UK, Rwanda Launch  £23.5M to Connect Farmers to Markets

Sarah Metcalf, the head of DFID Rwanda and Director General of Planning in the Ministry of Agriculture Dr. Octave Semwaga unveiling IMSAR Noza Isoko

The UK government through its Development Agency (DFID) and Rwanda have launched a 4-year £23.5m programme to stimulate changes in practice among market actors.

With the new programme, Rwanda farmers will be connected to markets through public and private partnership, formal and informal – so that they are able and motivated to perform important market functions effectively.

The fund will help farmers accelerate the commercialisation of agriculture in Rwanda, in line with the Government’s Fourth Strategic Plan for Agriculture Transformation.

The initiative dubbed: “Improving Market Systems for Agriculture in Rwanda (IMSAR), known locally as Noza Isoko, was officially launched by the Director General of Planning in the Ministry of Agriculture Dr. Octave Semwaga and Head of DFID Rwanda, Sarah Metcalf on Thursday.

Through the initiative, improvement, efficiency and inclusiveness of the agricultural markets that matter most to poor farmers will be realised.

The programme, according to Agriculture Ministry officials, will identify market constraints – such as limited access to finance and technology, limited or poor storage, or lack of access to inputs such as fertilisers and develop initiatives to address them.

Speaking at the launch event on December 6 at Radisson Blu and Kigali Convention Centre (KCC), Dr. Octave Semwaga said that DFID-funded initiative is in line with the Government’s vision of boosting agricultural productivity through market value chains.

“Agriculture is a driver of economic growth in developing countries around the world. In 2017, the Rwandan agriculture sector contributed 31 per cent to the GDP and generated $356.5m through exported traditional and non-traditional export commodities,” he said.

“The sector is also key in improving the livelihoods of Rwandans.

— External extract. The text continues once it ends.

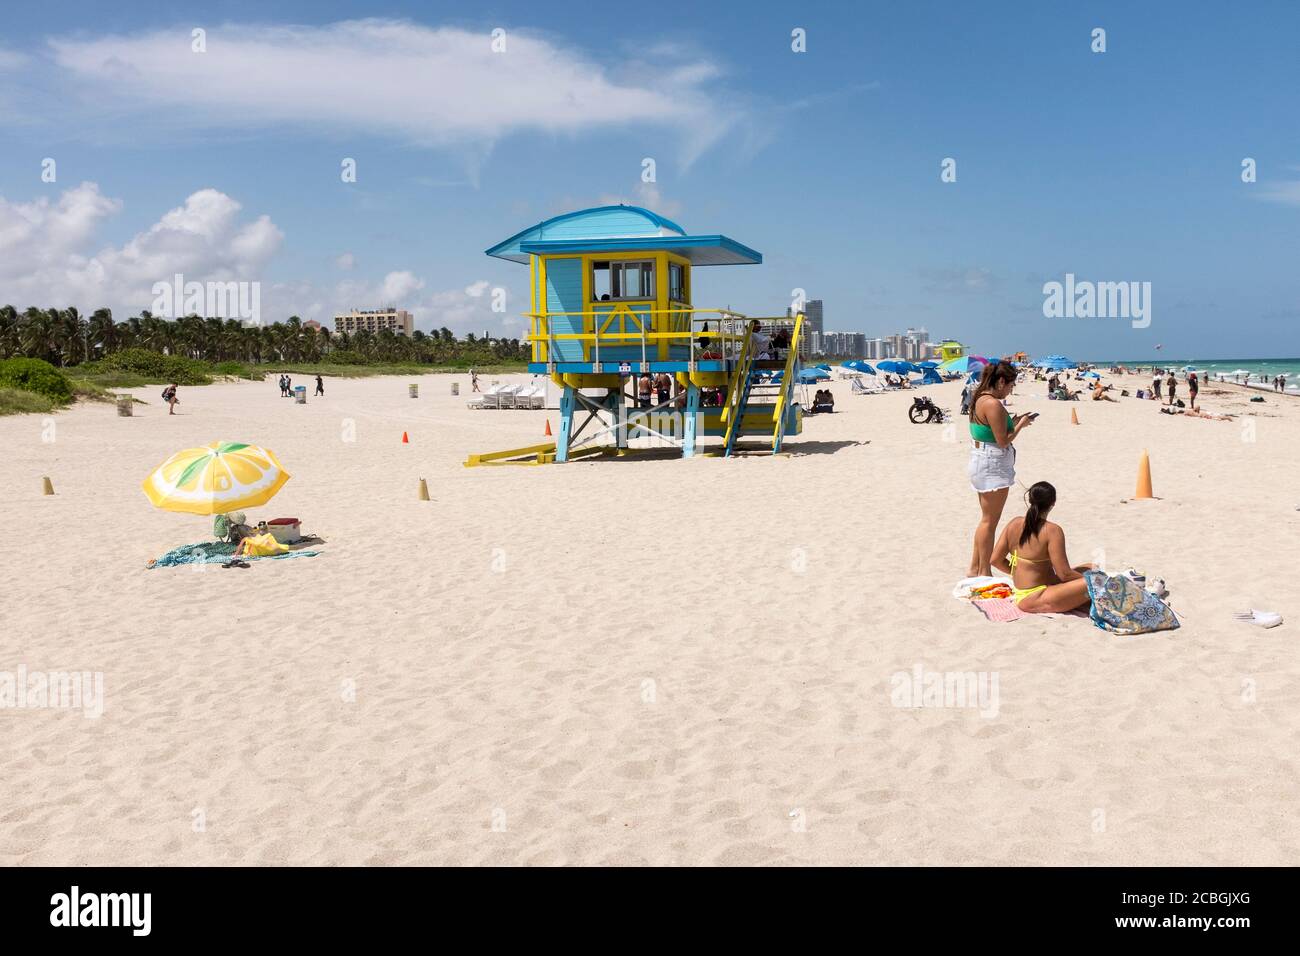 Les gens qui apprécient une journée sur la plage avec un maître nageur se tiennent en arrière-plan, à South Beach, Miami Beach, Floride, États-Unis. Banque D'Images

It employs 58 per cent of the working population, with the majority living in rural areas,” Dr Semwaga added.

The Head of DFID Rwanda said that over the next four years, IMSAR will work with government and the private sector to attract and support investments that drive growth and improve poor people’s participation in these markets, resulting in real, tangible long-term benefits.

“Agriculture has served as the backbone of economic growth and poverty reduction in Rwanda over the last 15 years, for example accounting directly for more than one third of poverty reduction between 2001 and 2011.

It serves as the mainstay of jobs, income and livelihoods for 70% of the population, and generates 30 per cent of GDP and 50 per cent of exported goods,” said Sarah Metcalf, the head of DFID Rwanda.

“What we are formally launching today – Improving Market Systems for Agriculture in Rwanda or IMSAR Noza Isoko, is the UK Government’s contribution to supporting that process of commercialisation through a focus on the private sector,” she added.